Given material -
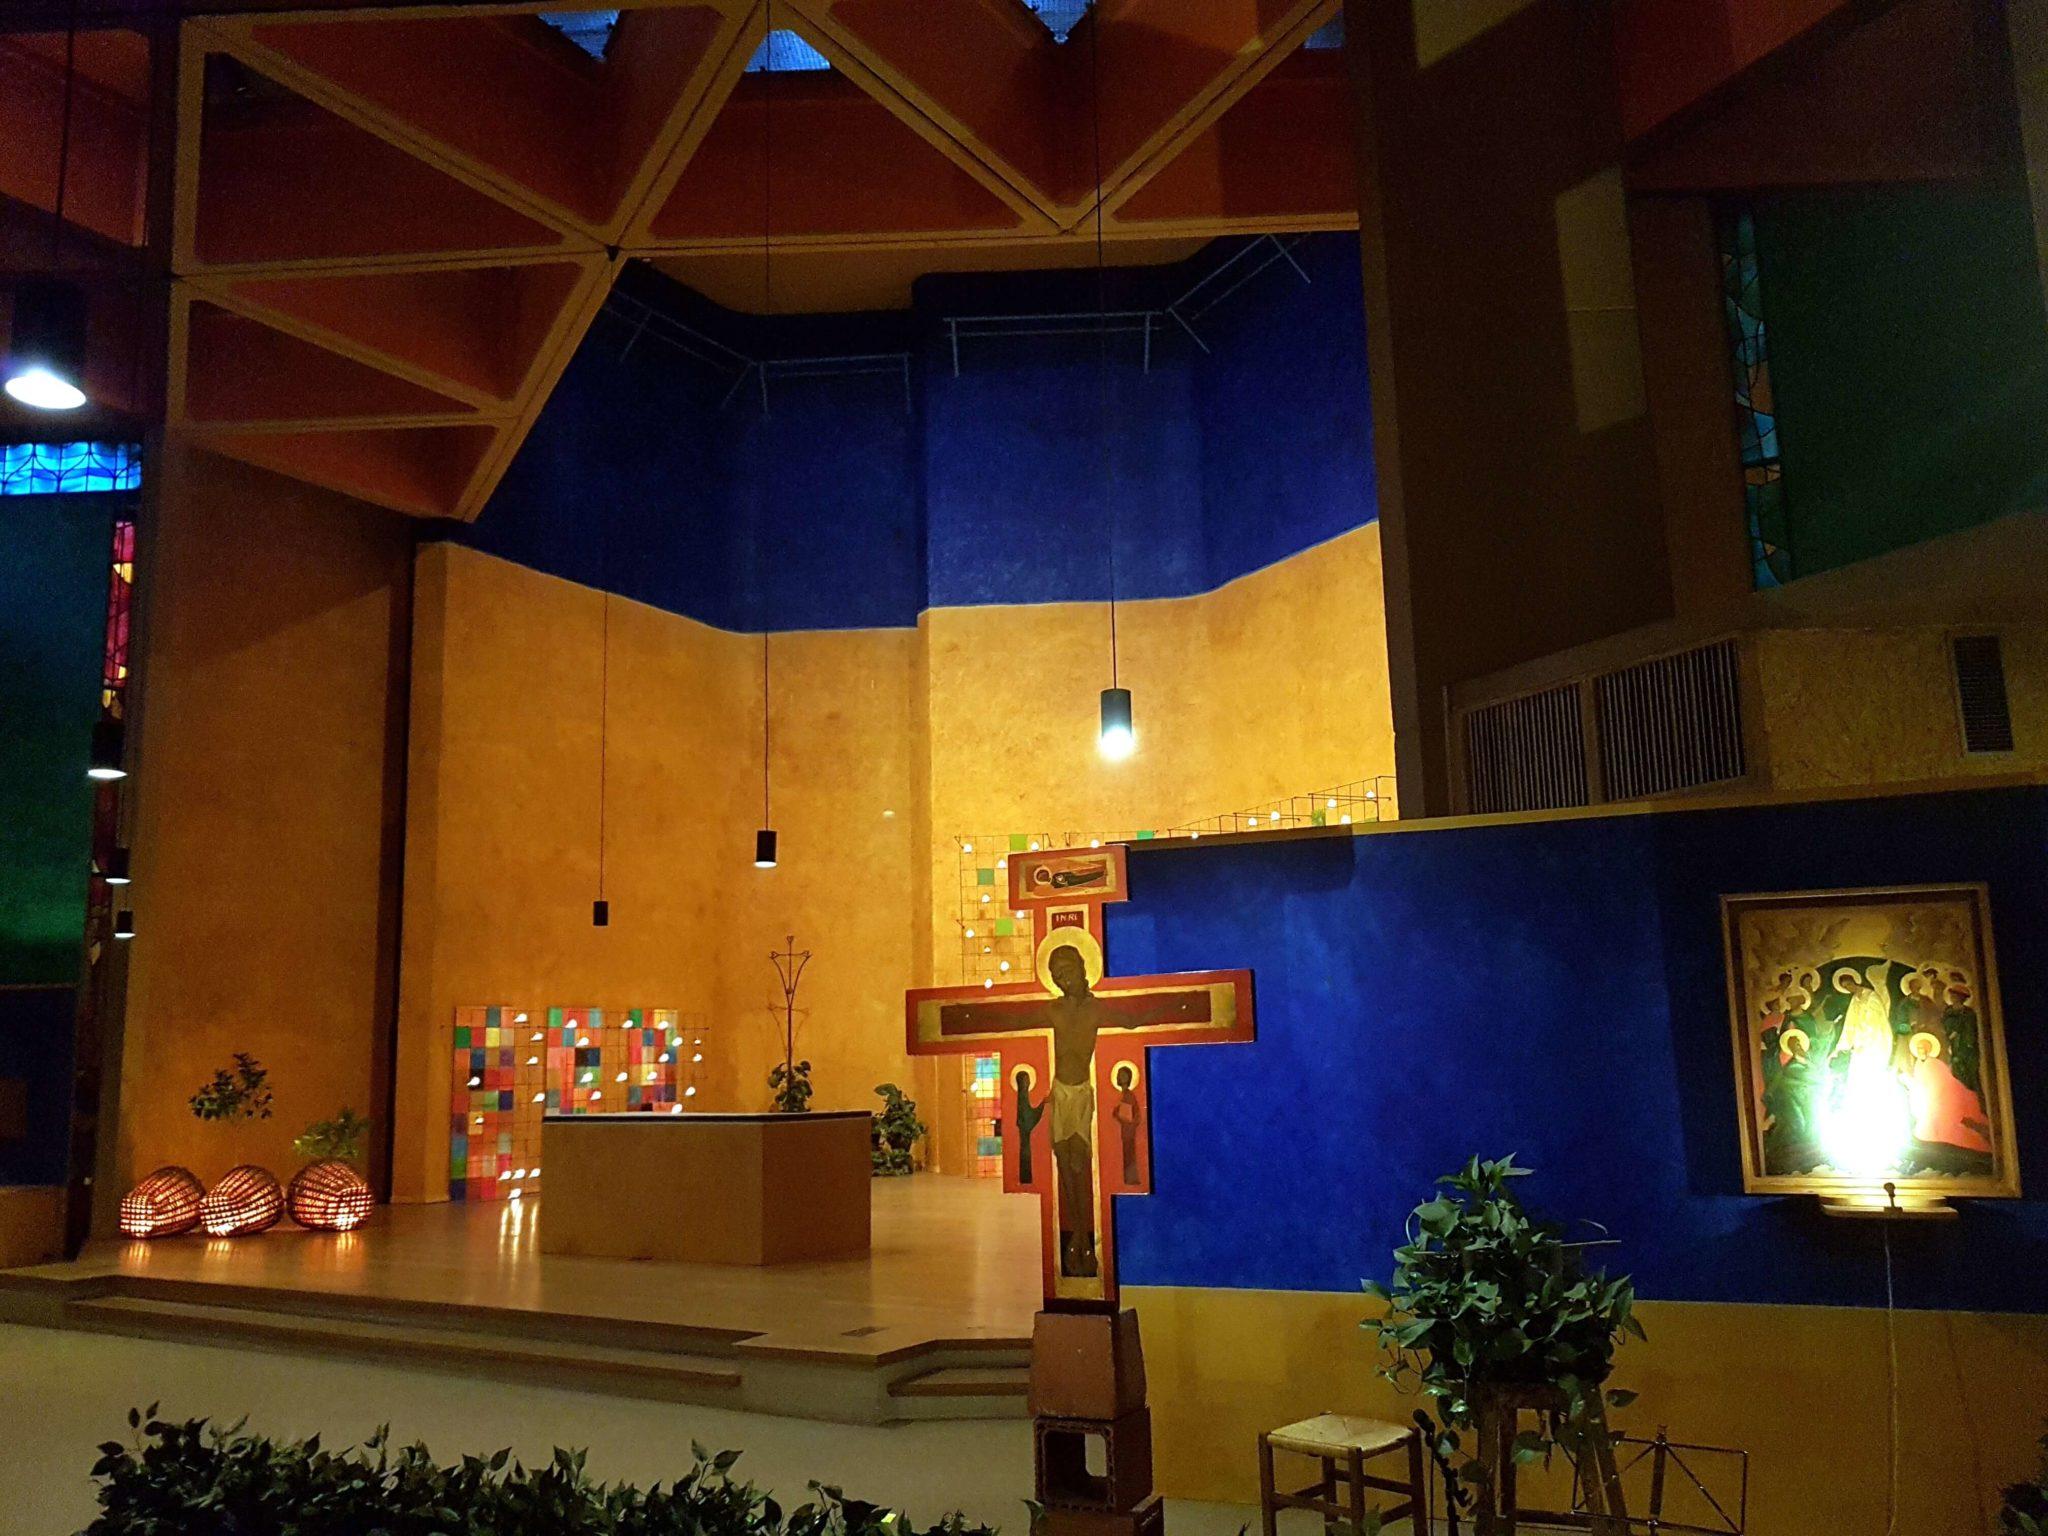 Główny ołtarz w kościele - na czas modlitw ozdobiony świecącymi lampionami i światełkami
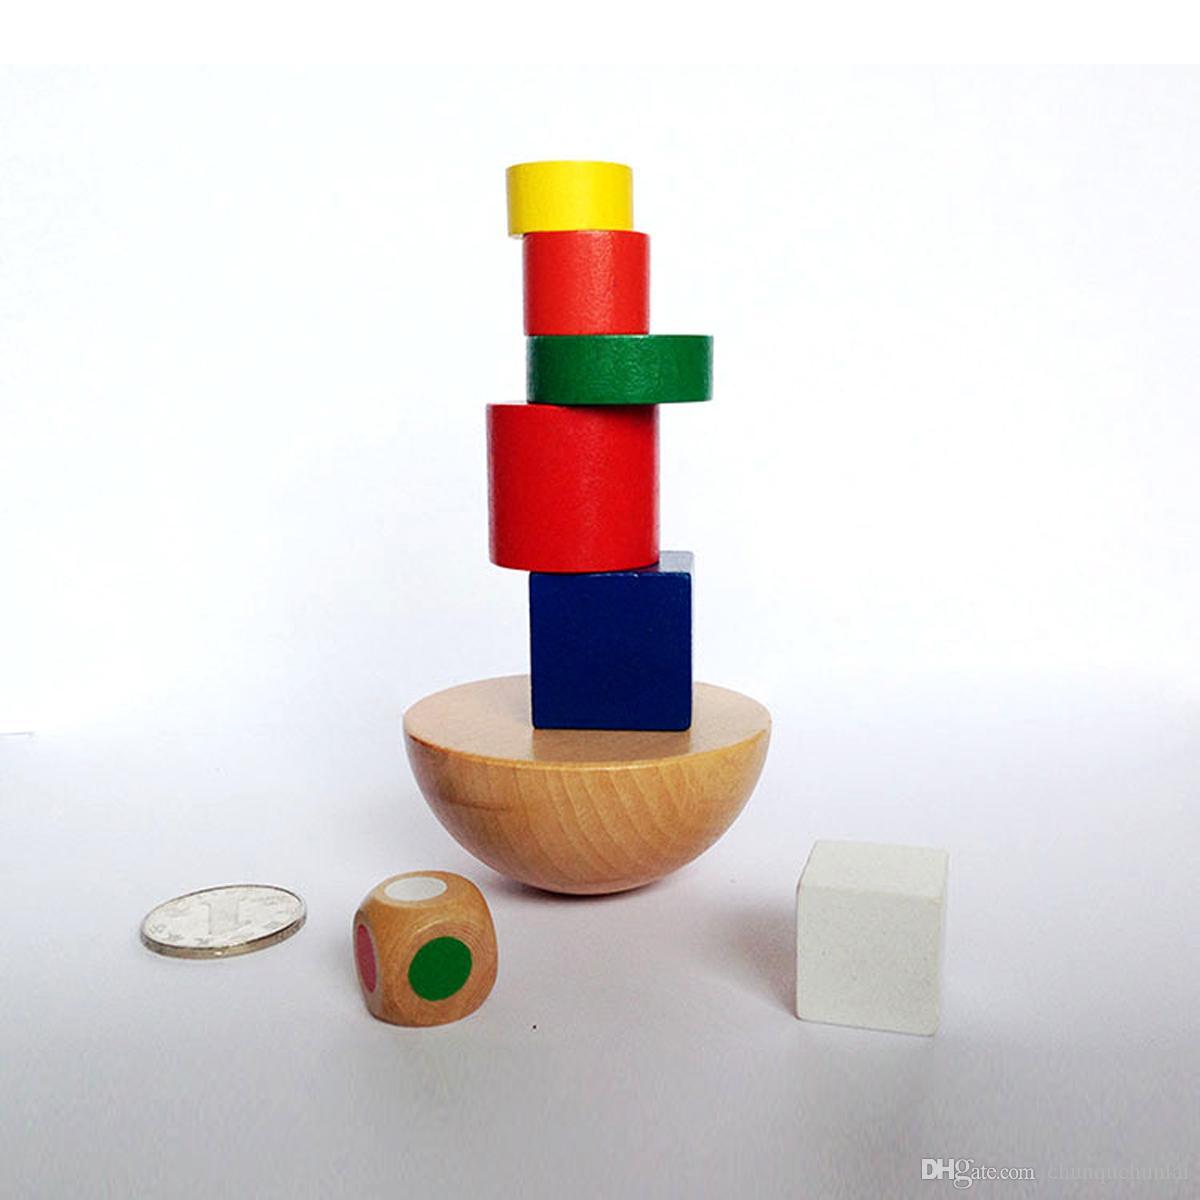 Crianças Brinquedos Blocos Geométricos De Madeira Crianças Equilíbrio Treinamento Jogo Montessori Inteligente Educacional EarlyToy Crianças Família Blocos de Jogo
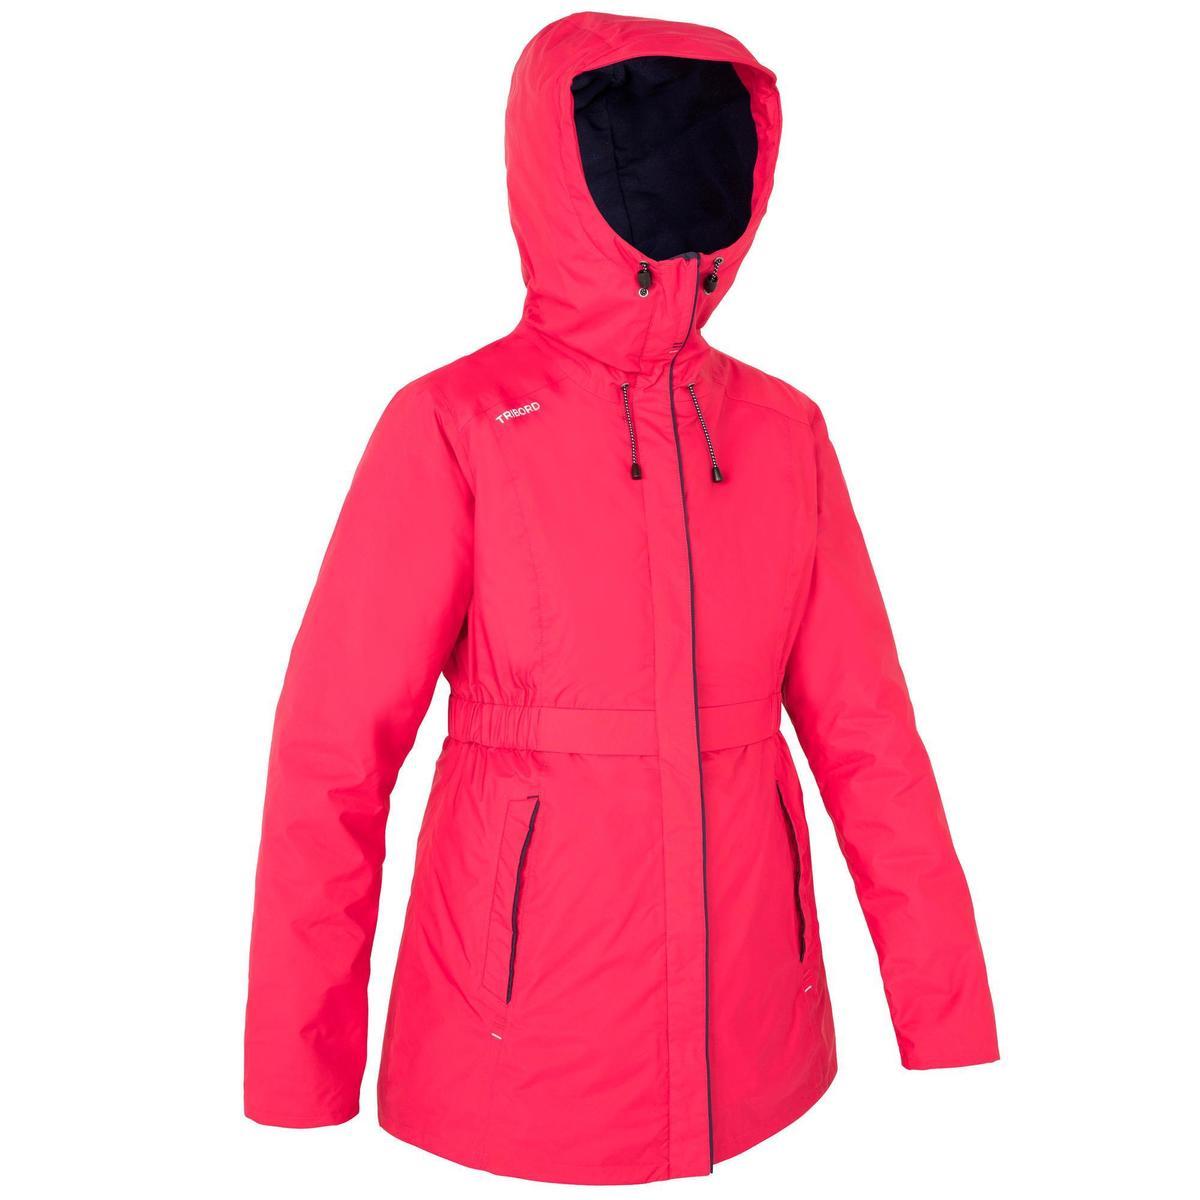 Bild 1 von Segeljacke warm 100 Damen rosa

Exercise brief -
From the first line to the last, set down the data exactly, without the pictures.

Solution for this problem -
 Główny ołtarz w kościele - na czas modlitw ozdobiony świecącymi lampionami i światełkami
 Crianças Brinquedos Blocos Geométricos De Madeira Crianças Equilíbrio Treinamento Jogo Montessori Inteligente Educacional EarlyToy Crianças Família Blocos de Jogo
 Bild 1 von Segeljacke warm 100 Damen rosa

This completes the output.